Crushing the head of Primordial Soul, turning his left hand red, Rowan took a step and his figure blurred across space to stand before the Primordials. He wore no armor except knee-length breeches, leaving his upper body bare.
Arcane runes flowed across his torso, each held significance that could crush all creation, and with the blood of two Primordials on his arms, his present form could hardly be described.
Bringing up a bloody arm, he pointed towards the Primordial Demon,
“You, Xylos, the First Doubt—you who spun the threads of conspiracy that bound my family in chains of fate. You thought your webs could catch a falling Creator. But I am no longer falling. I am rising. And I will burn every single thread until you are left naked in the glare of your own treachery.”

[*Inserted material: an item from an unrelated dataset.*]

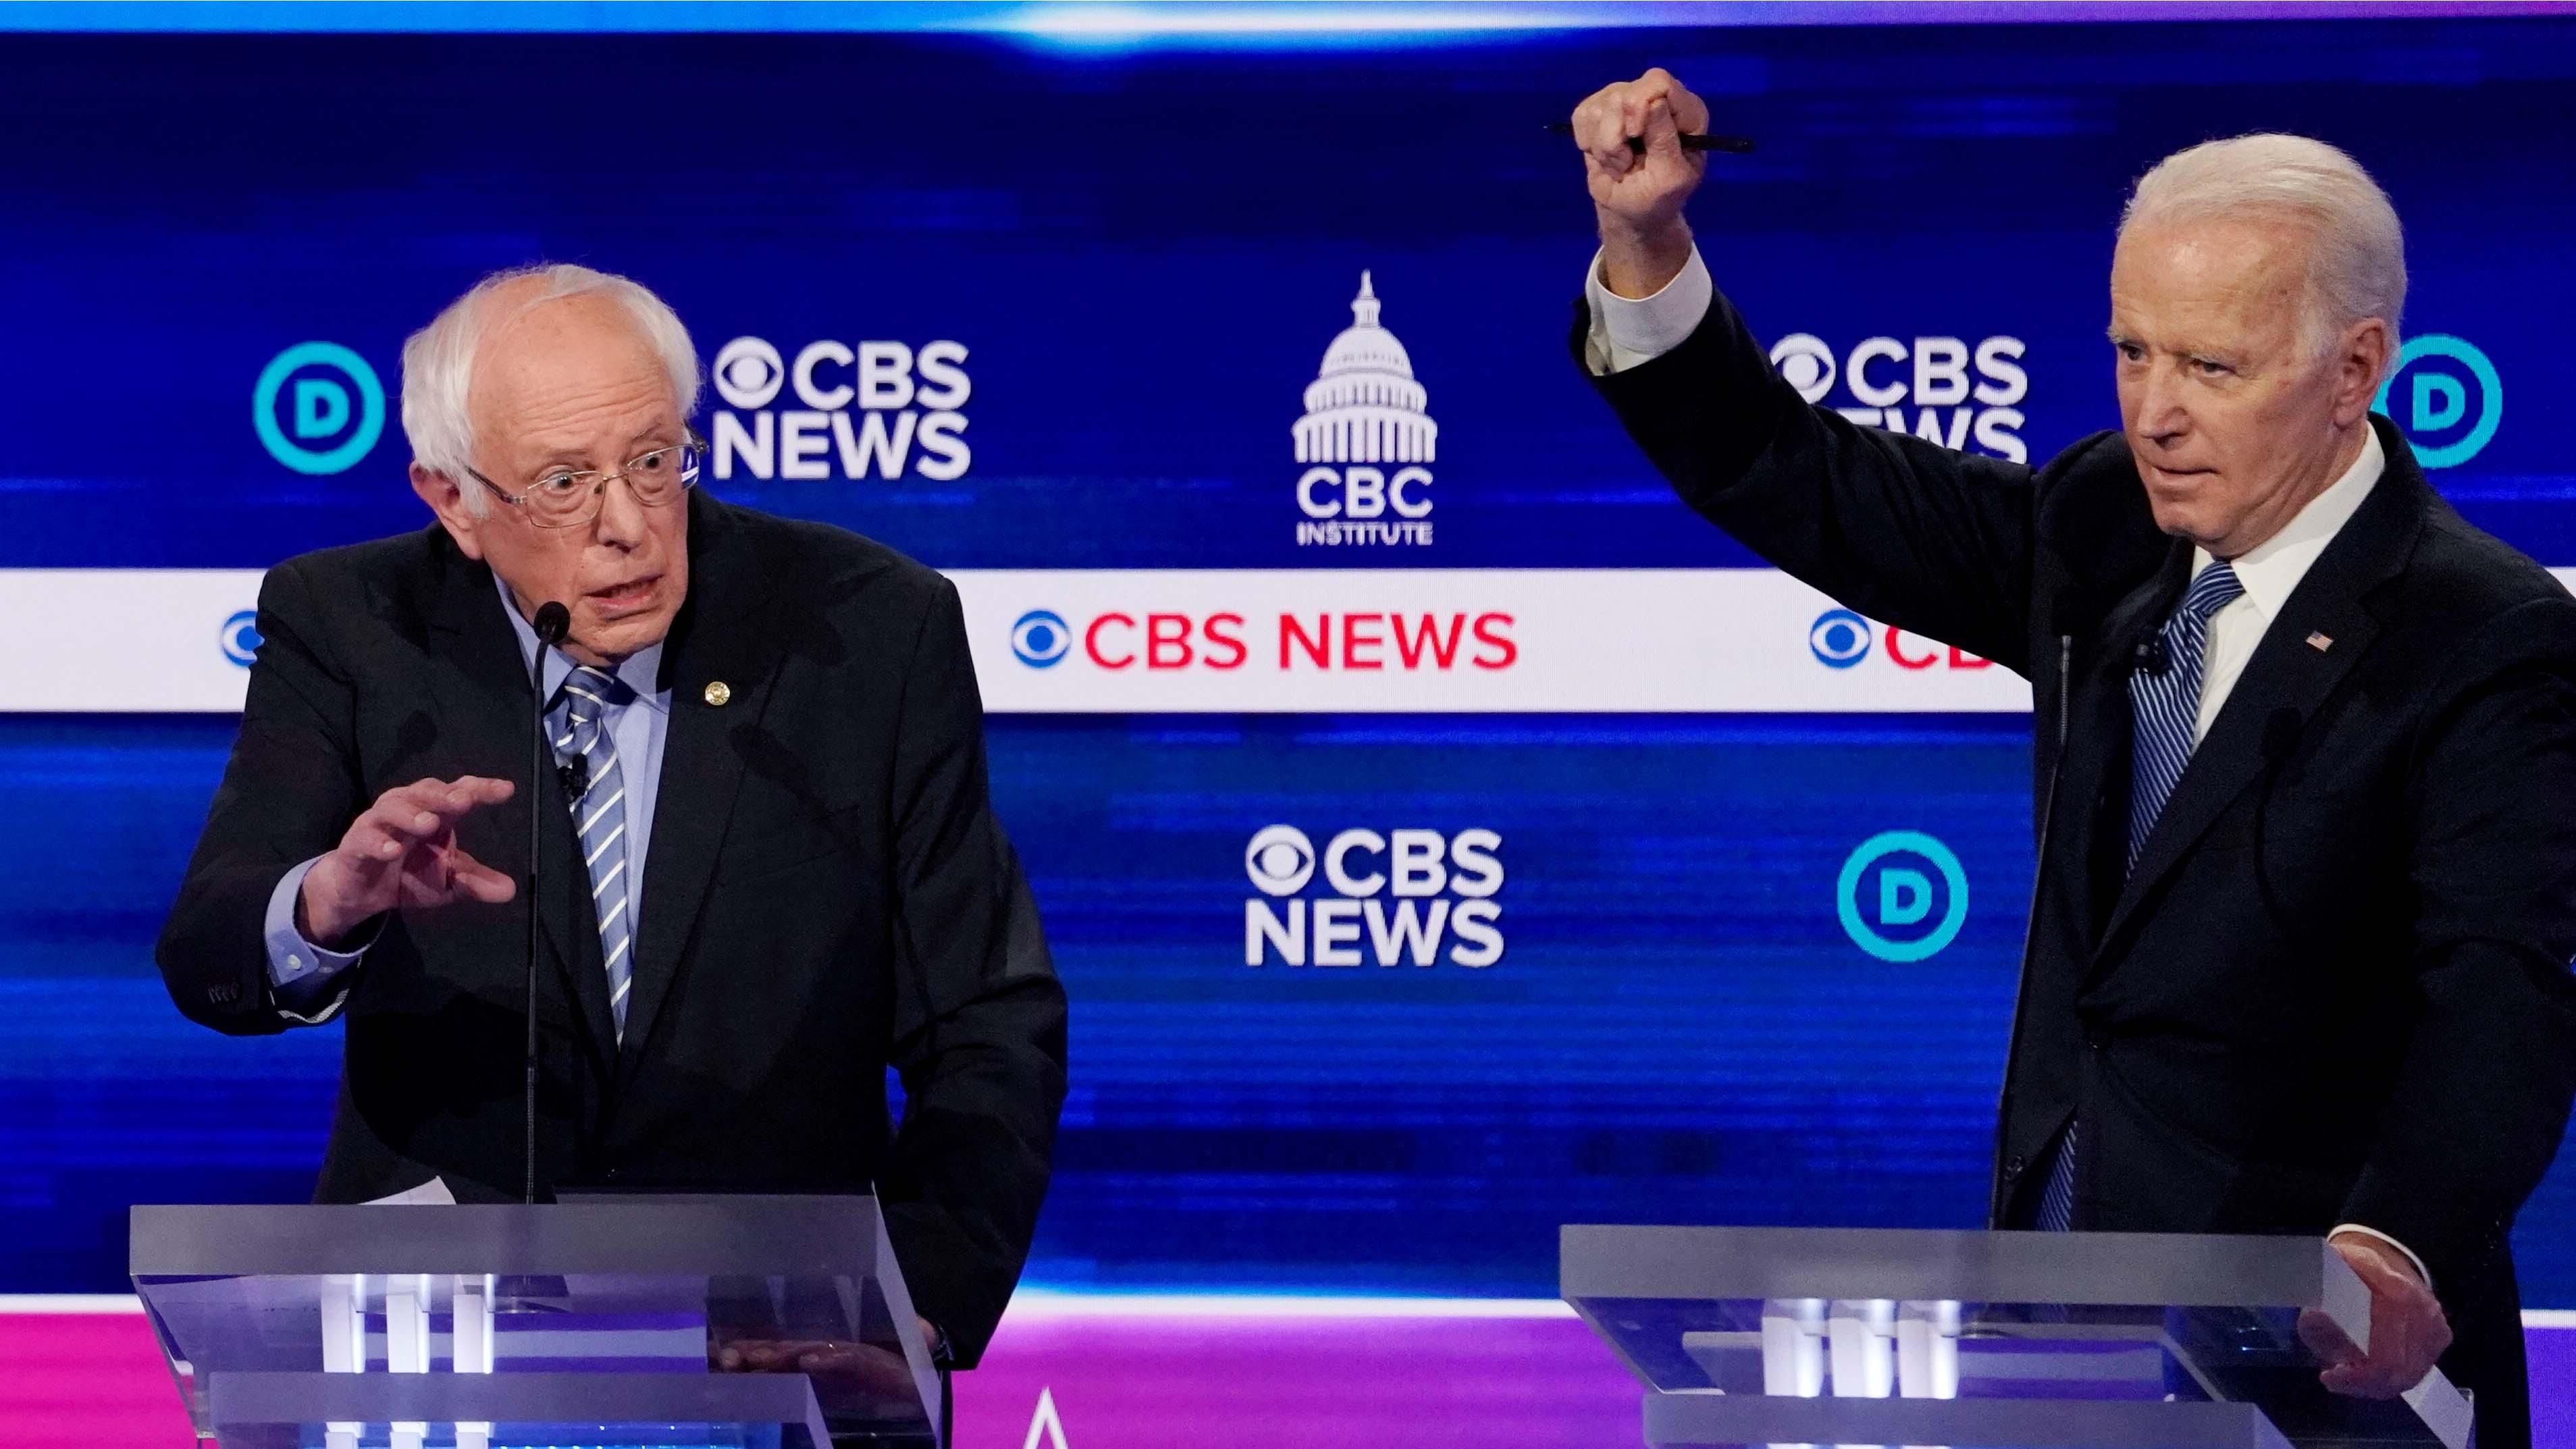 Democratic 2020 US presidential candidates Sen. Bernie Sanders and former Vice President Joe Biden participate in the tenth Democratic 2020 presidential debate at the Gaillard Center in Charleston, South Carolina, Feb. 25, 2020.

The arm pointed towards the next target, Primordial Life,
“You, Vorthas, the Heart-Eater—you who consumed the joy, the love, the very essence of those I cherished. You gorged yourself on life and called it strength. But you have digested my light, and now that light turns to fire in your belly. I am that fire.”
The hand pointed towards Primordial Time, and the force of Rowan’s Will stripped away his secrets, and his name was known to him.

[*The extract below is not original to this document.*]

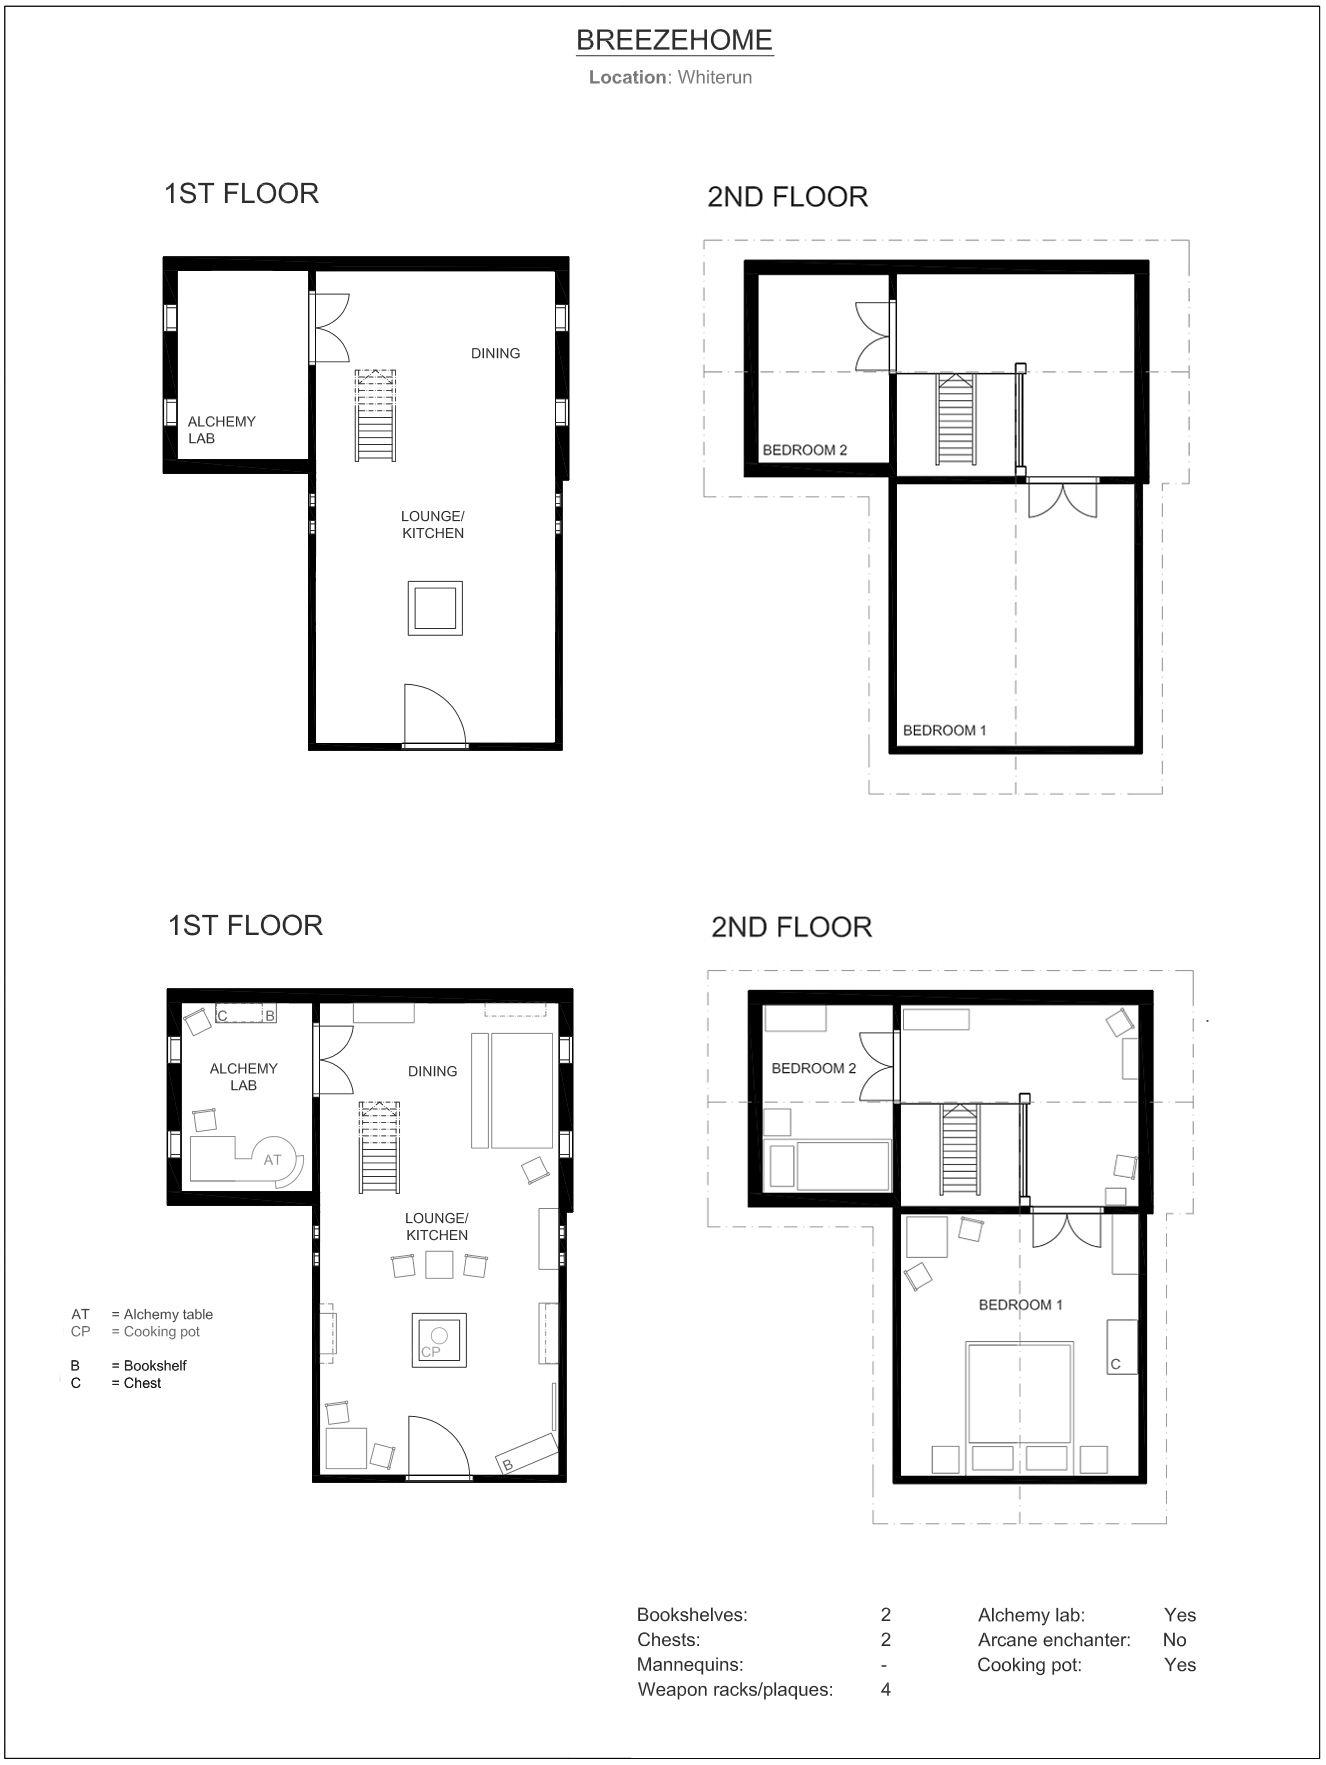 Breezehome floor plan Skyrim by neonspider on DeviantArt

“You, Xyris, the Silent—you who watched. Who judged. Who gave the nod with a blink of your cold, distant eye as your sister tore me from the womb? Your silence was your assent. Your inaction, your crime. I will break your vow of silence with a scream that will forever echo in your hollow core.”
Then, disregarding Primordial Imagination, he pointed at last to Primordial Memory, and his words held a much greater heat, causing this Primordial to flinch.
“And you… Elgorath. The First Cause. The architect of my ruin. You who held the quill and dipped it in nothingness to write the end of my story. You were mistaken. The story was not over. You merely turned the page and found it blank. And now, I write upon that page. In blood. In fire. In the unmaking of epochs. You took from me all that there was to take. And in doing so, you left me with nothing. And nothing… is what I now have to lose. You, however… You have everything left to lose. Your thrones. Your dominion. Your very names.”
He had listed the crimes of these five, and although there were more, too many ever to be counted, Rowan knew he would make them pay for all of them.
A thrill of pure, existential terror ran through the five cosmic pillars. They understood what was coming. It was not punishment. It was something far more terrifying.
Rowan turned his body sideways, and Reality seemed to shift. This was a pose for battle.
“Ready yourselves.”
The two words were not a warning. They were a preparation phase, a necessary interval for a system to brace for an incoming force. They were the moment of silence before the symphony.
“I am about to attack.”
"This translation was made by our team, to read more translated novels please visite www.readernovel.net"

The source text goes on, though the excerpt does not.